Conversely, in the medical profession, mortality serves as a catalyst for aggression towards doctors—whether verbal, physical, or legal. There is no romanticism attached to tragedies in this realm. A person is viewed as immortal until they enter the hospital. Words like ’empathy’, ‘sympathy’, ‘connection’, and ‘bonding’ seem to belong to a bygone era in the doctor-patient relationship. Tears shed for a deceased patient were once commonplace among doctors. Nowadays, however, the predominant emotion felt by a doctor when a patient under their care passes away is fear. “How will the patient’s family react? Are they approaching unarmed, or are they armed with insults, sticks, knives, and stones?”

Anyway, I recall an incident when we heard a group of people wailing loudly outside a ward in the hospital after a patient had died. We were taken aback when we realised that the loudest cries came from the treating doctor, who stood at the centre of the crowd. The display of sympathy was astonishing, yet the attendants appeared convinced. This was certainly the height of what we doctors must do to demonstrate our noble intentions.

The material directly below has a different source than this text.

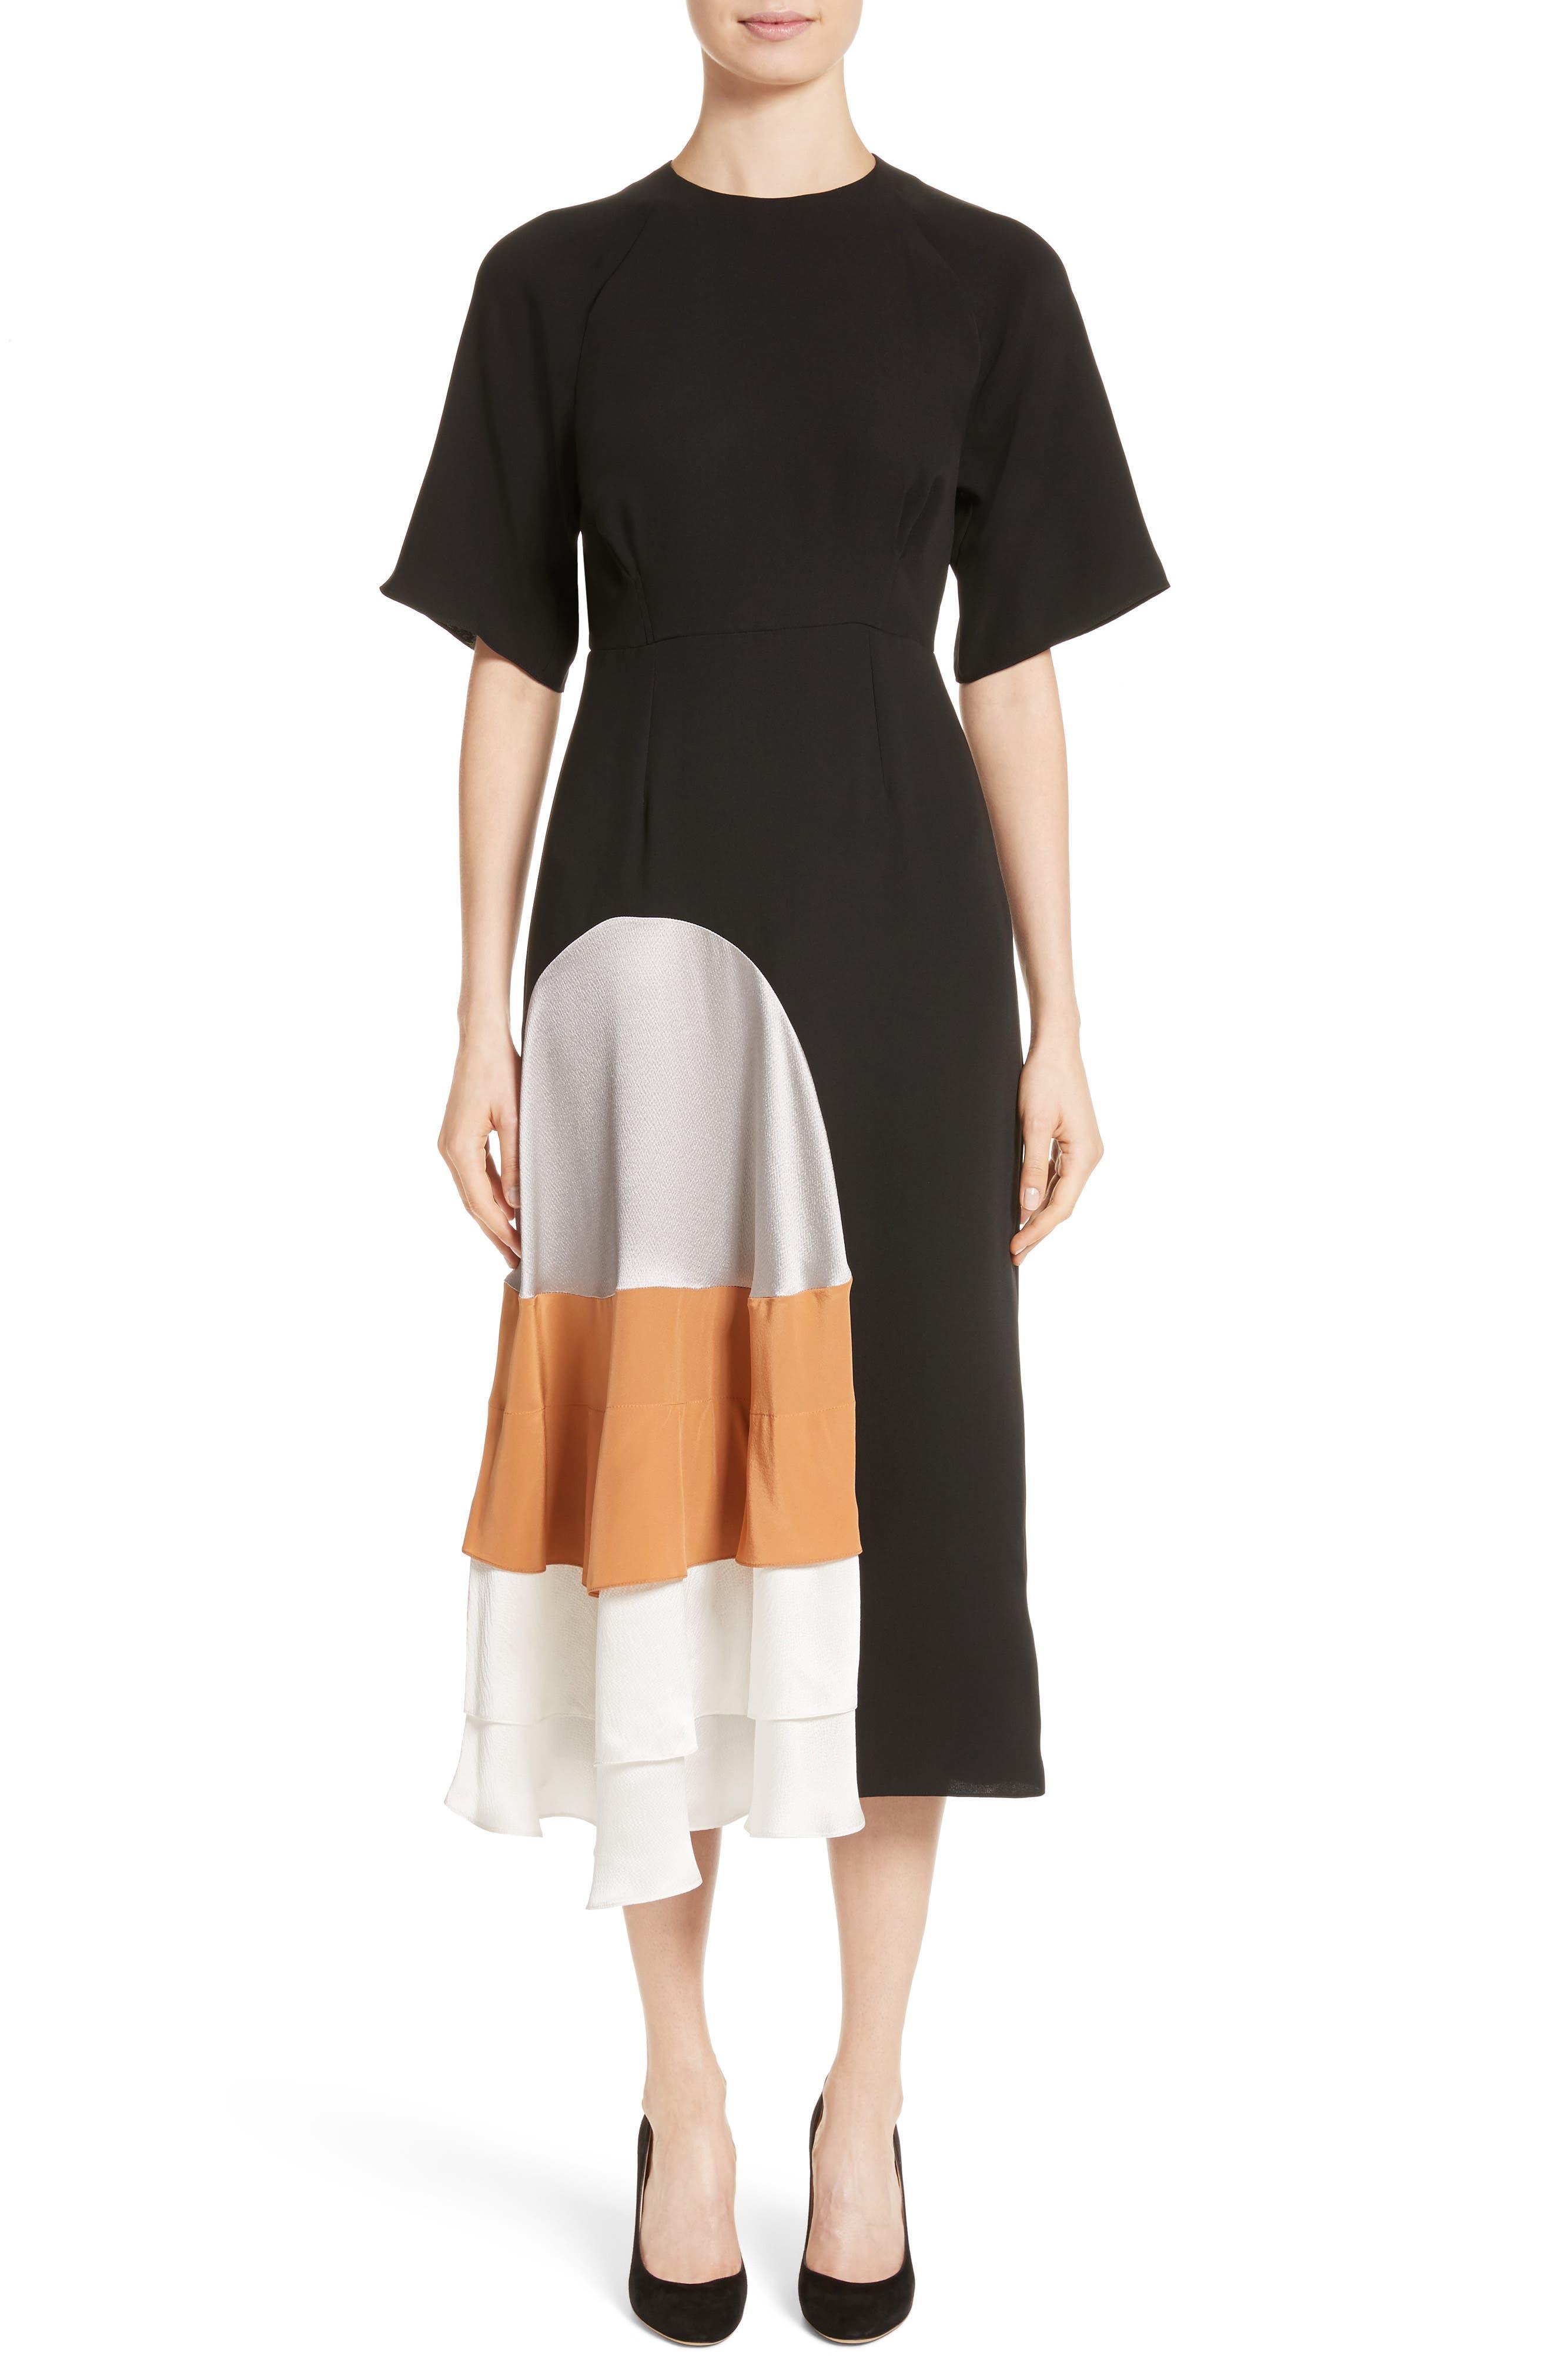 Rauma Silk Dress,                         Main,                         color, Black/ Silver/ Sand/ Ivory

Anyway, crying is supposedly cathartic for emotions, and quite unsurprisingly, researchers have not left even crying alone. Apparently, when one cries alone or in the company of only one person, it relieves emotional stress. Crying feels worse and does not lead to a mood change when individuals are with two or more people. Of course, a person who cries in front of a thousand people without feeling anything is likely to be a politician. Researchers propose that hormonal influences affect crying, with testosterone inhibiting it and prolactin promoting it. This illustrates the fact that researchers are at a loss for subjects and are scientifically squeezing the world dry. They have also concluded that tears can decrease sexual attractiveness. Seriously!

Researchers, working in the world of publish or perish, are increasingly getting bizarre and taking the fun out of our lives. Soon, we will be having studies on why stones don’t breathe or marbles don’t speak. Avoid such researchers who destroy the wonders, charms, and mysteries of life with their studies. However, one specific group of people have tears when we smile, and they smile when we cry. I can sum up my lifetime research in one line: avoid these people. Crying is beneficial, but it is important to do so just in the right amount and with the right person.  Or as the elders would say, excess of anything becomes poison.